-- What to do --
When the line containing "Холодильник Samsung широкий" appears in the entries below, begin printing there and stop after the line containing "Two wheeler parcel"; print each of those lines exactly and no other line.

-- Data to process --
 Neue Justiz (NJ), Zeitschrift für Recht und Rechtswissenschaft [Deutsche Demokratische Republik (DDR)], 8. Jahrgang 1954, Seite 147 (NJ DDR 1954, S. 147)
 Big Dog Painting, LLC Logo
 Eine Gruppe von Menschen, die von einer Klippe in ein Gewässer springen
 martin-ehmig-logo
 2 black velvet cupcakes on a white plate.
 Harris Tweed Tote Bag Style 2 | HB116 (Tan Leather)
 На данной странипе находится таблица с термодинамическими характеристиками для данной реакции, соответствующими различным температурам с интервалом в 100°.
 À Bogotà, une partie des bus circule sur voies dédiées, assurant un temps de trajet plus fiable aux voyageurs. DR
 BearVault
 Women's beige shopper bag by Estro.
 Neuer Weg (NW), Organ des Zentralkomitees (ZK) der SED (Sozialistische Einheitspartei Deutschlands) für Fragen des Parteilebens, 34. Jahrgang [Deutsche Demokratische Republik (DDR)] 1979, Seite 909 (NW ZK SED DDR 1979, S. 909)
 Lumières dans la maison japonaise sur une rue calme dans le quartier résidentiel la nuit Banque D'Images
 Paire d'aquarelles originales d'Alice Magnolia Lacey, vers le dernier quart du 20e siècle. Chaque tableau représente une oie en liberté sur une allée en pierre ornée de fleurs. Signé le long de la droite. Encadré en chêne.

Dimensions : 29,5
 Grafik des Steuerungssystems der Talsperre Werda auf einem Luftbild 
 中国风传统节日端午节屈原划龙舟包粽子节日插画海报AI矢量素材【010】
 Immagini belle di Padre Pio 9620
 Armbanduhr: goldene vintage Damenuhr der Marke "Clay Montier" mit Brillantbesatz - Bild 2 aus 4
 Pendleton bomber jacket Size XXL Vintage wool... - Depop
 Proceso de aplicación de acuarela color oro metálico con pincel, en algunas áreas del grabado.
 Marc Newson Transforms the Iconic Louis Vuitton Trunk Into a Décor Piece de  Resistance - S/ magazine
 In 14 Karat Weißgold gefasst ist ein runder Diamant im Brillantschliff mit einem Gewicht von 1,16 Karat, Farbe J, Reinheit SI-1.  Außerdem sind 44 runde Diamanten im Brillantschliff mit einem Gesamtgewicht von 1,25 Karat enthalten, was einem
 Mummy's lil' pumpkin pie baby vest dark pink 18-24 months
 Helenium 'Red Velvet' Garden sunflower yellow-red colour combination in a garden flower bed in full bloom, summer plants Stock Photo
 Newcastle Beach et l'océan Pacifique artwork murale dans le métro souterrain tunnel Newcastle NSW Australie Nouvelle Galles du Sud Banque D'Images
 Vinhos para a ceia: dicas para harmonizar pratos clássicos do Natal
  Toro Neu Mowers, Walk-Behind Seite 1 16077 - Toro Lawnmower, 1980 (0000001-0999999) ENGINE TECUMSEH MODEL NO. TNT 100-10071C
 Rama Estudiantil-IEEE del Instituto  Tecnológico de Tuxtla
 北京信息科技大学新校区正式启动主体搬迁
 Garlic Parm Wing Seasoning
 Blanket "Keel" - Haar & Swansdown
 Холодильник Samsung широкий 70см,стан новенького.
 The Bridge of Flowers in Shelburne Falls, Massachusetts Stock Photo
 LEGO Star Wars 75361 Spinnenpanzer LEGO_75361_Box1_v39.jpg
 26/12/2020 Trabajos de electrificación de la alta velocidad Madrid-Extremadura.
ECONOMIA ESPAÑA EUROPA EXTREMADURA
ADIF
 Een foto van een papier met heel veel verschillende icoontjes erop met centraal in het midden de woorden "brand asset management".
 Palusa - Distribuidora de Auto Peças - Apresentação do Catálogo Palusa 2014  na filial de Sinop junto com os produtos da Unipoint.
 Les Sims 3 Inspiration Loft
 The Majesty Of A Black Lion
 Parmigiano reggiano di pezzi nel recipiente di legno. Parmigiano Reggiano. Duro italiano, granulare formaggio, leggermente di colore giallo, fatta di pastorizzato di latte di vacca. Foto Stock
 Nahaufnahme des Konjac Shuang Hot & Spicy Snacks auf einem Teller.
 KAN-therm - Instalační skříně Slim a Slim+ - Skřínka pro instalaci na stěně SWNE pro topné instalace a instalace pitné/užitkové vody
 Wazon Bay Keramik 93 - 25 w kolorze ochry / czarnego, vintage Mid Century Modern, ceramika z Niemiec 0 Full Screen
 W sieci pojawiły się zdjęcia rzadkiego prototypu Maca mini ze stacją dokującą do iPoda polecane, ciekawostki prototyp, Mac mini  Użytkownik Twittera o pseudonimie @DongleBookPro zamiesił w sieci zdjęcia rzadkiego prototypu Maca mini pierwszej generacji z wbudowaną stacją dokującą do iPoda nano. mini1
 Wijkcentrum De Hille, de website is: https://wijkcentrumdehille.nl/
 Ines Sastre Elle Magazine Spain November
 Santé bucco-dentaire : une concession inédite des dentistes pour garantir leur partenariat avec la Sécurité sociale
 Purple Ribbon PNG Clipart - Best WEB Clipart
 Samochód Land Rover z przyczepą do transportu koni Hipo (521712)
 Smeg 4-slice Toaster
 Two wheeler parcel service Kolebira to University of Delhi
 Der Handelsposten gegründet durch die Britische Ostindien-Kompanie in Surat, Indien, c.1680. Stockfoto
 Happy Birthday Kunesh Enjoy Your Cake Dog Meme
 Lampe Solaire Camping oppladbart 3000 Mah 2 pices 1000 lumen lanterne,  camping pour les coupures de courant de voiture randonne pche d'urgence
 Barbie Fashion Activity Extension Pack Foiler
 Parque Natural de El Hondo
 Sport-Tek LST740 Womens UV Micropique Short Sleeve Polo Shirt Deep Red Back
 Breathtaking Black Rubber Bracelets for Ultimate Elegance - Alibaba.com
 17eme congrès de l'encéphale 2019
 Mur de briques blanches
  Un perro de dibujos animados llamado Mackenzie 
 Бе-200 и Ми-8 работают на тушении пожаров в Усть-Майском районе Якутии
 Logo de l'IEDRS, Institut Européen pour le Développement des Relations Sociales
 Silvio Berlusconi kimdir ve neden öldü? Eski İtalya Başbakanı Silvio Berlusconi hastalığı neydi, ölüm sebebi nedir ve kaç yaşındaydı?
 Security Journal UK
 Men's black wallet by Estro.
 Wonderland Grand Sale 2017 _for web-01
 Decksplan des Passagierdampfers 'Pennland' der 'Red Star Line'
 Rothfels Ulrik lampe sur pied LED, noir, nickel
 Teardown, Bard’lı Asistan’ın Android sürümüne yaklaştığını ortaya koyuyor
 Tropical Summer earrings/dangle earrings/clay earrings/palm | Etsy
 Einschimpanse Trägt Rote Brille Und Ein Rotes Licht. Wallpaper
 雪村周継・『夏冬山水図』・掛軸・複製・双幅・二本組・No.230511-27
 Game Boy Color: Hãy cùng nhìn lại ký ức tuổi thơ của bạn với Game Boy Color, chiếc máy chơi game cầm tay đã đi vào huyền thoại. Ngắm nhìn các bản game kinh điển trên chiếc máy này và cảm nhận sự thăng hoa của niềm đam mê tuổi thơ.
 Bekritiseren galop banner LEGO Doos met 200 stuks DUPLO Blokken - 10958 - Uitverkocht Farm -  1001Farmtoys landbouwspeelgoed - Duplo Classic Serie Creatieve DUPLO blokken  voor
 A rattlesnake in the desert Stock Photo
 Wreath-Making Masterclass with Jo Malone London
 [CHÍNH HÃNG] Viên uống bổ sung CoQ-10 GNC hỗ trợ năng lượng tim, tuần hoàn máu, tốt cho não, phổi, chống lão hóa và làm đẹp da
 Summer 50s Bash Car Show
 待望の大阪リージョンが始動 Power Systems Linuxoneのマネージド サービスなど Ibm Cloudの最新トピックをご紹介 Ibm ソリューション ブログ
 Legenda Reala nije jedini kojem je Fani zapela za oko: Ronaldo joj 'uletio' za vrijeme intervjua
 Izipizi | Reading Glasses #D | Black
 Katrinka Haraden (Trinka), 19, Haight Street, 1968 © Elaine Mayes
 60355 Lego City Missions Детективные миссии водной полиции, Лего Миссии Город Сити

-- Answer box --
 Холодильник Samsung широкий 70см,стан новенького.
 The Bridge of Flowers in Shelburne Falls, Massachusetts Stock Photo
 LEGO Star Wars 75361 Spinnenpanzer LEGO_75361_Box1_v39.jpg
 26/12/2020 Trabajos de electrificación de la alta velocidad Madrid-Extremadura.
ECONOMIA ESPAÑA EUROPA EXTREMADURA
ADIF
 Een foto van een papier met heel veel verschillende icoontjes erop met centraal in het midden de woorden "brand asset management".
 Palusa - Distribuidora de Auto Peças - Apresentação do Catálogo Palusa 2014  na filial de Sinop junto com os produtos da Unipoint.
 Les Sims 3 Inspiration Loft
 The Majesty Of A Black Lion
 Parmigiano reggiano di pezzi nel recipiente di legno. Parmigiano Reggiano. Duro italiano, granulare formaggio, leggermente di colore giallo, fatta di pastorizzato di latte di vacca. Foto Stock
 Nahaufnahme des Konjac Shuang Hot & Spicy Snacks auf einem Teller.
 KAN-therm - Instalační skříně Slim a Slim+ - Skřínka pro instalaci na stěně SWNE pro topné instalace a instalace pitné/užitkové vody
 Wazon Bay Keramik 93 - 25 w kolorze ochry / czarnego, vintage Mid Century Modern, ceramika z Niemiec 0 Full Screen
 W sieci pojawiły się zdjęcia rzadkiego prototypu Maca mini ze stacją dokującą do iPoda polecane, ciekawostki prototyp, Mac mini  Użytkownik Twittera o pseudonimie @DongleBookPro zamiesił w sieci zdjęcia rzadkiego prototypu Maca mini pierwszej generacji z wbudowaną stacją dokującą do iPoda nano. mini1
 Wijkcentrum De Hille, de website is: https://wijkcentrumdehille.nl/
 Ines Sastre Elle Magazine Spain November
 Santé bucco-dentaire : une concession inédite des dentistes pour garantir leur partenariat avec la Sécurité sociale
 Purple Ribbon PNG Clipart - Best WEB Clipart
 Samochód Land Rover z przyczepą do transportu koni Hipo (521712)
 Smeg 4-slice Toaster
 Two wheeler parcel service Kolebira to University of Delhi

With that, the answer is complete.